Die Geschichte einer optischen Täuschung
In meiner Kinderzeit wurde oft gemutmaßt, dass es Menschen auf dem Mars gäbe, weil man dort die sogenannten „Kanäle“ festgestellt hatte. Kürzlich las ich, dass sich die Kanaltheorie durch die diversen Sonden als Irrtum herausgestellt haben.
Leider stand nicht dabei, was sie „Kanäle“ denn tatsächlich waren. Wieso gab es dort so lange gerade Linien, die als Kanal interpretiert wurden? Sie können ja nicht plötzlich verschwunden sein. Was also steckte dahinter?
Seit dem 17. Jahrhundert war bekannt, daß es auf dem Mars helle und dunkle Flächen sowie weiße Polkappen gibt.
Der Astronom Schiaparelli entdeckte 1877 die beiden winzigen Marsmonde Deimos und Phobos; außerdem sah er dunkle Linien auf dem Mars, die schnurgerade von einem zum anderen dunklen Gebiet quer durch die hellen Gebiete liefen. Er nannte diese Linien „canali“, ohne sich näher über Entstehung und Funktion der „canali“ zu äußern.
Das Problem der „canali“ war, daß die Mehrzahl der Astronomen jener Zeit sie nicht sahen. Aber wer hätte gewagt, dem Entdecker der Marsmonde zu widersprechen?
Zu den wenigen, die die „canali“ sahen, gehörte der Privatmann und Hobbyastronom Percival Lowell, der sich 1894 von seinem Privatgeld eine Sternwarte in Flagstaff/Arizona gebaut hatte. Lowell sah aber noch mehr: Die dunklen Flächen auf dem Mars schienen ihm graublau oder graugrün zu sein. Der grüne Farbanteil schien sich zu vergrößern, wenn der Marssommer einsetzte und die Polkappe abschmolz. Lowell hielt die graugrüne Fläche für Vegetation, die durch das Schmelzwasser der Pole zu wachsen anfängt. In der darüber ausbrechenden wissenschaftlichen Kontroverse äußerte Lowell dann, die „canali“ seien wirkliche Kanäle, sie würden ein planetenumspannendes Bewässerungssystem bilden, mit dem eine uralte Zivilisation gegen den Tod durch Vertrocknen ankämpft; die roten Flächen wären schon Wüste. Den Einwand, die Kanäle seien bei dem bißchen Wasser, das sie führen könnten, zu dünn, um von der Erde aus gesehen zu werden, vermochte Lowell zu parieren: Links und rechts der Kanäle sei ein Stück bebautes Land, und deswegen wären sie sichtbar.

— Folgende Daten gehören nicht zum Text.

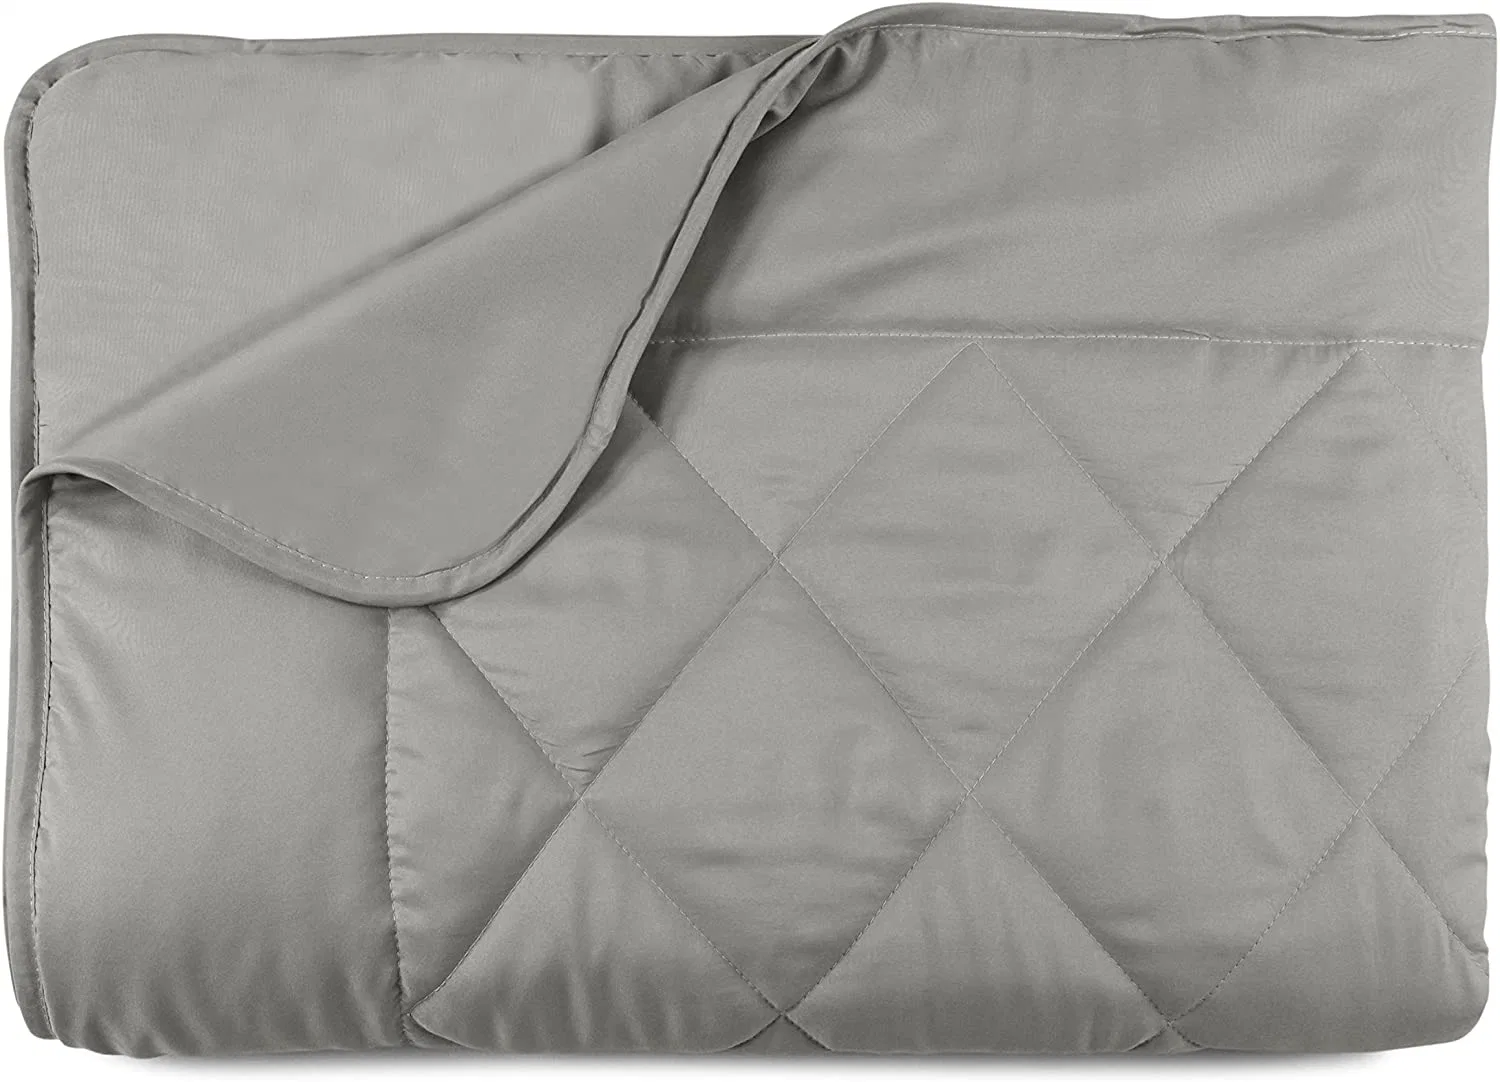 Bedding with Warm Duvet Filling, Hypoallergenic, Quilted Duvet for Allergy Sufferers

Allerdings zweifelte ab 1905 auch Lowell an den Kanälen. Sie waren auf Fotos nicht zu sehen. Er wandte sich deswegen von Mars ab zur Suche nach dem „transneptunischen Planeten X“.
Die Bekanntheit der „Marskanäle“ resultierte aus einer Unzahl Abenteuergeschichten über „Flüge zum Mars“; das 1938er Hörspiel von Orson Wells, das in den USA eine Massenpanik auslöste, handelte davon, daß „Schiffe vom Mars“ auf der Erde gelandet seien.
In dem sehr zuverlässigen Buch „Schlag nach - Natur“ von 1950 heißt es, daß die Marskanäle allgemein als optische Täuschung angesehen würden, weil das Auge helle und dunkle Punkte gern durch Linien miteinander verbindet. Aber die dunklen Flächen wurden immer noch für „Sumpfgebiete mit niedriger Vegetation oder Steppe“ gehalten.
Die amerikanische Raumsonde „Mariner 4“ nahm 1965 aus knapp 10.000km Entfernung vom Mars 22 Fotos auf und sandte sie zur Erde. Sie zeigten eine Kraterlandschaft. Trotzdem steht noch in einem 1969 erschienenen Buch etwas über das „Rätsel der Marskanäle“, obwohl ein paar Seiten weiter eines der Mariner-4-Fotos abgedruckt ist.
Im Jahre 1971 gewann „Mariner 9“ über 7.000 Bilder des Mars, aus denen eine Art Karte zusammengesetzt werden konnte. Das war dann nach fast 100 Jahren das Ende der „Marskanäle“.
Summa: Die Marskanäle waren eine optische Täuschung. Sie „hielten“ sich nur deswegen so lange, weil erstens einige profilierte Astronomen wie Schiaparelli und Lowell sie gesehen hatten, und zweitens, weil sie von der Abenteuerliteratur populär gemacht worden waren.